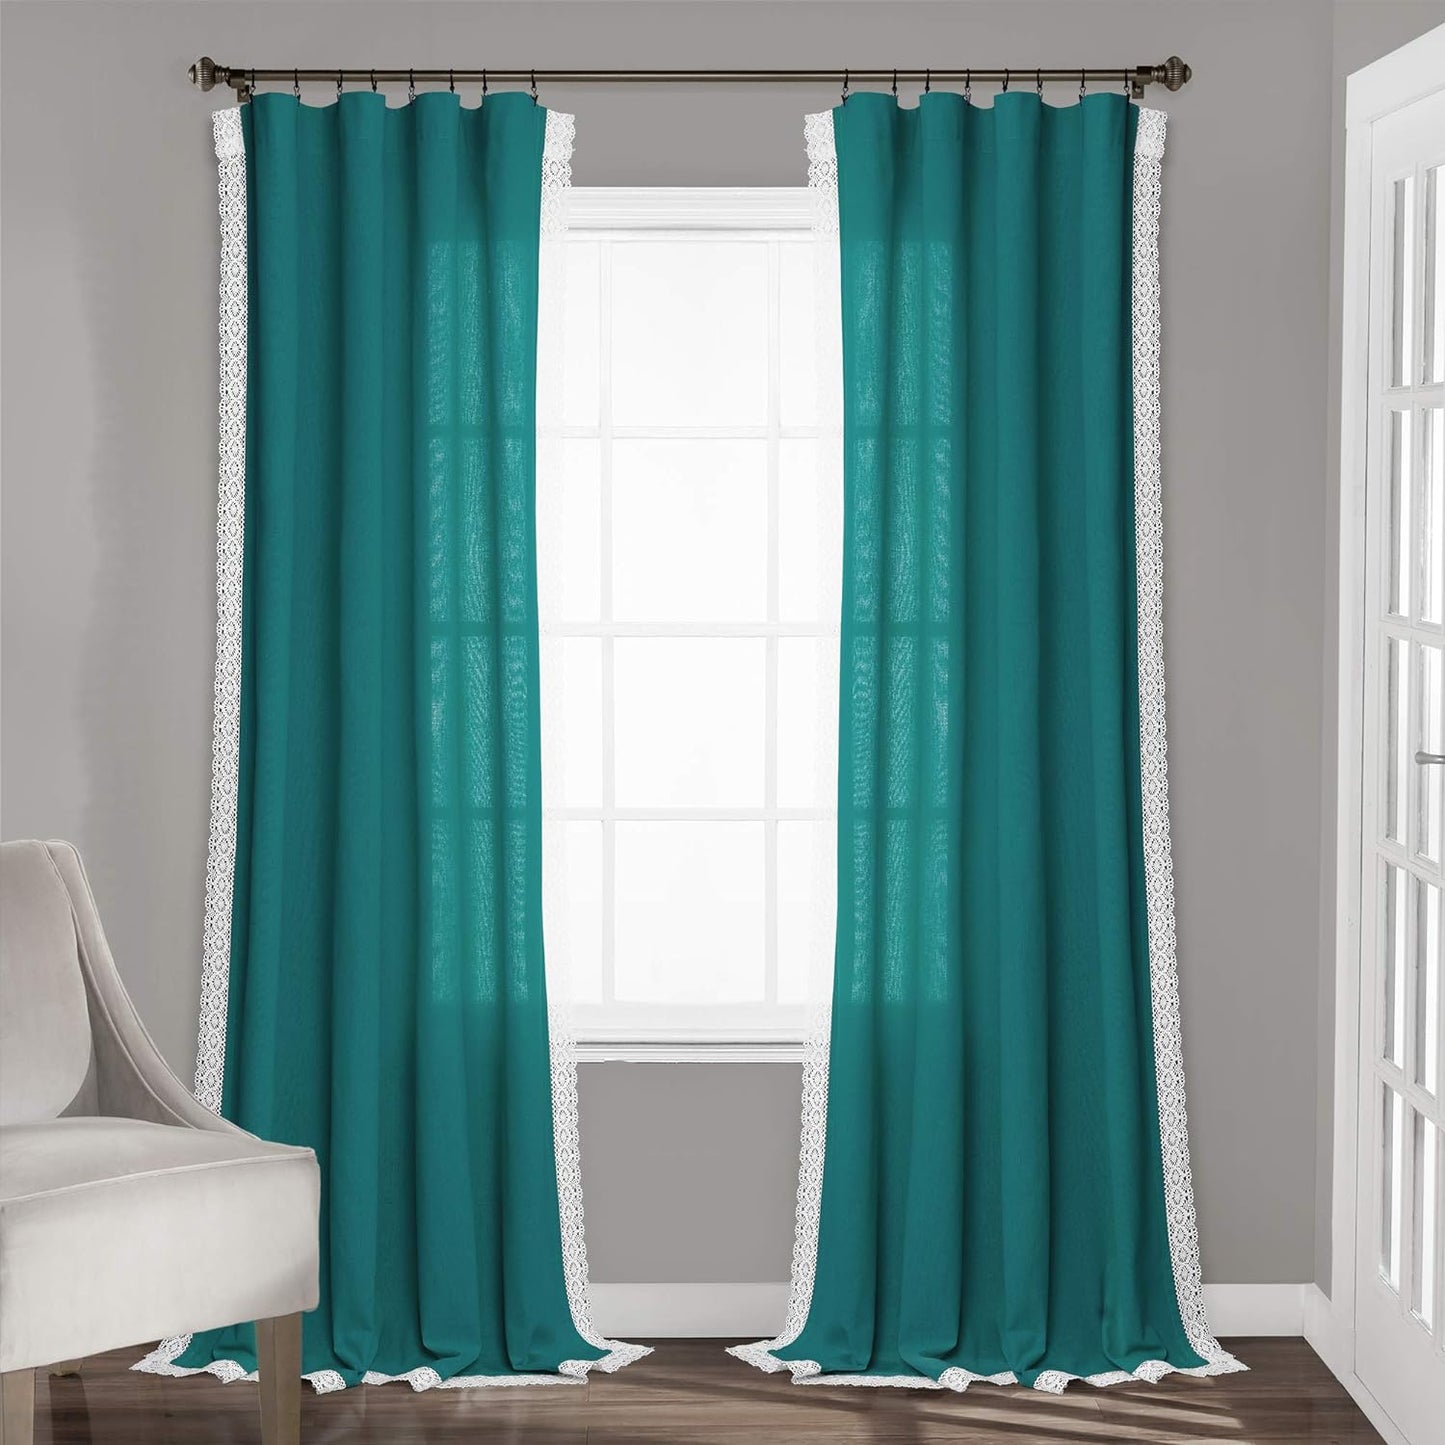 Lush Decor Rosalie Light Filtering Window Curtain Panel Set- Pair- Vintage Farmhouse & French Country Style Curtains - Timeless Dreamy Drape - Romantic Lace Trim - 54" W X 84" L, White  Triangle Home Fashions Turquoise Window Panel 54"W X 95"L
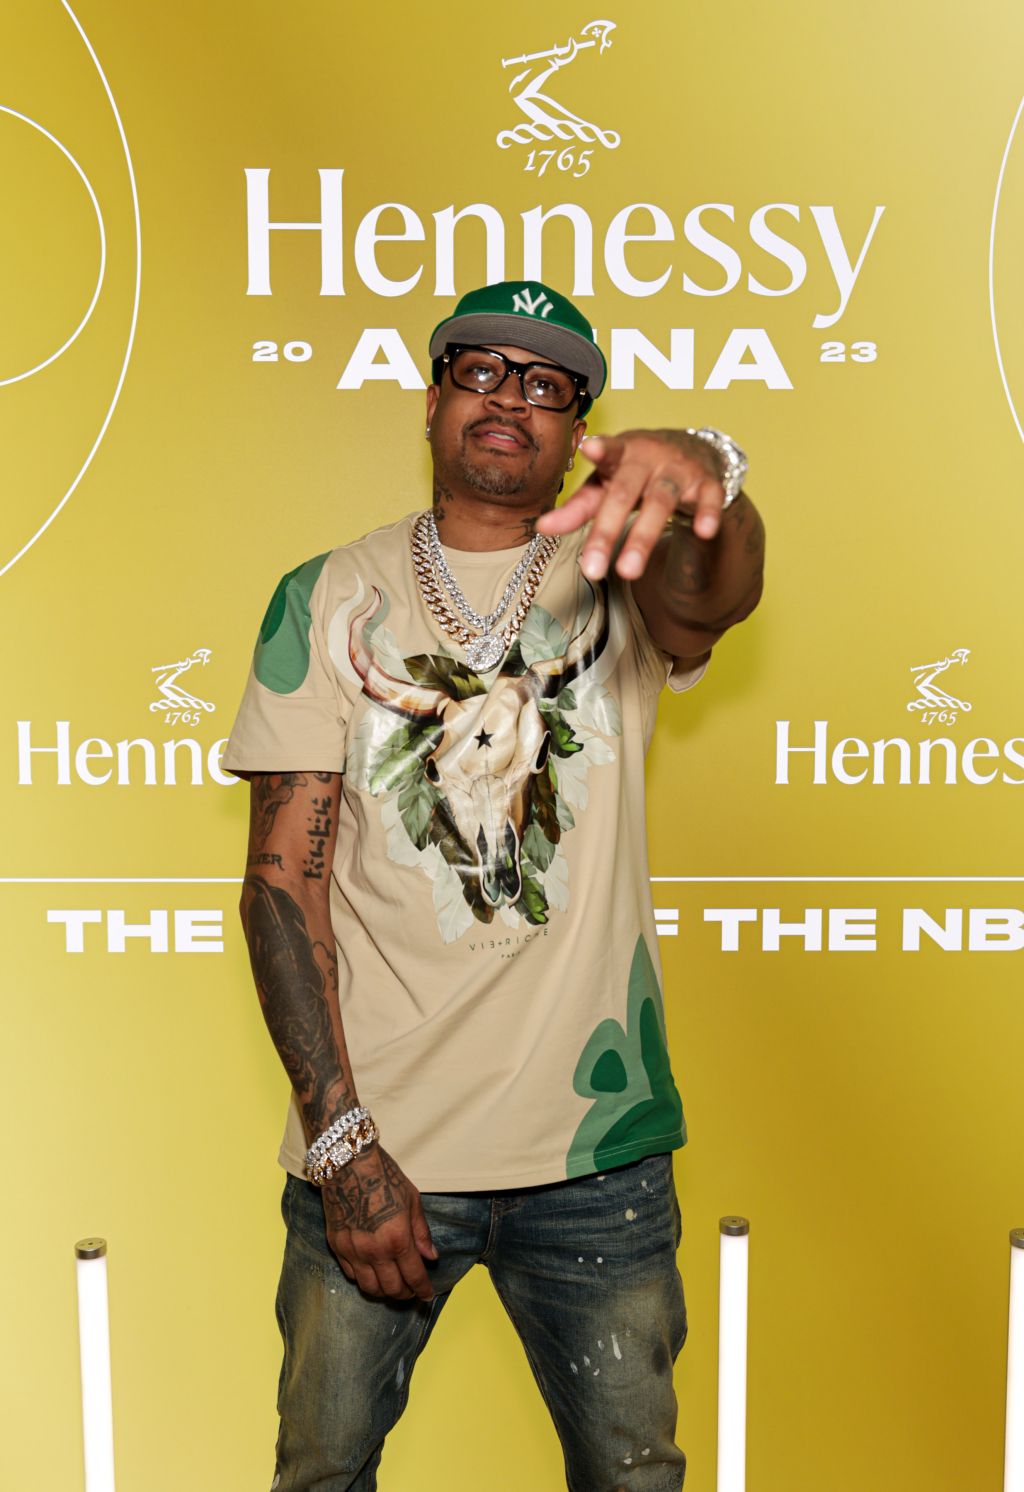 Allen Iverson - Hennessy Arena All-Star Weekend at Edison House, Salt Lake City
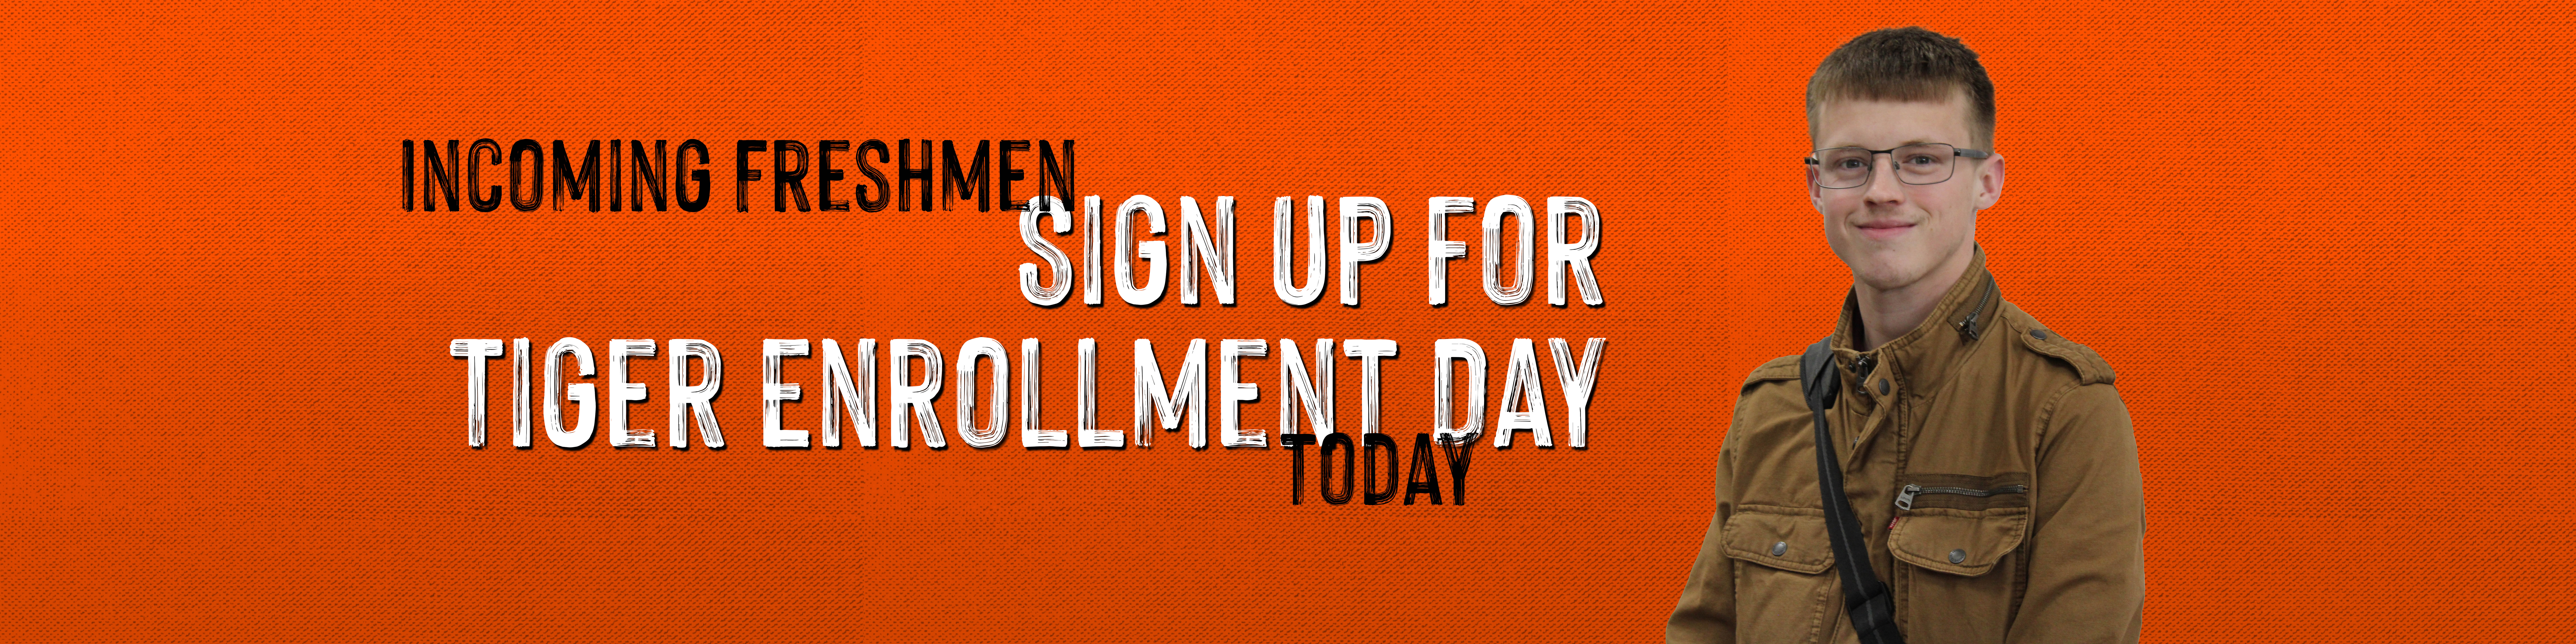 Incoming freshmen sign up for Tiger Enrollment Day today

What you will do: Pictures are not part of the copy. Restate everything else in the listing word for word.

Answer section:
 Lush Decor Rosalie Light Filtering Window Curtain Panel Set- Pair- Vintage Farmhouse & French Country Style Curtains - Timeless Dreamy Drape - Romantic Lace Trim - 54" W X 84" L, White  Triangle Home Fashions Turquoise Window Panel 54"W X 95"L
 Allen Iverson - Hennessy Arena All-Star Weekend at Edison House, Salt Lake City
 Incoming freshmen sign up for Tiger Enrollment Day today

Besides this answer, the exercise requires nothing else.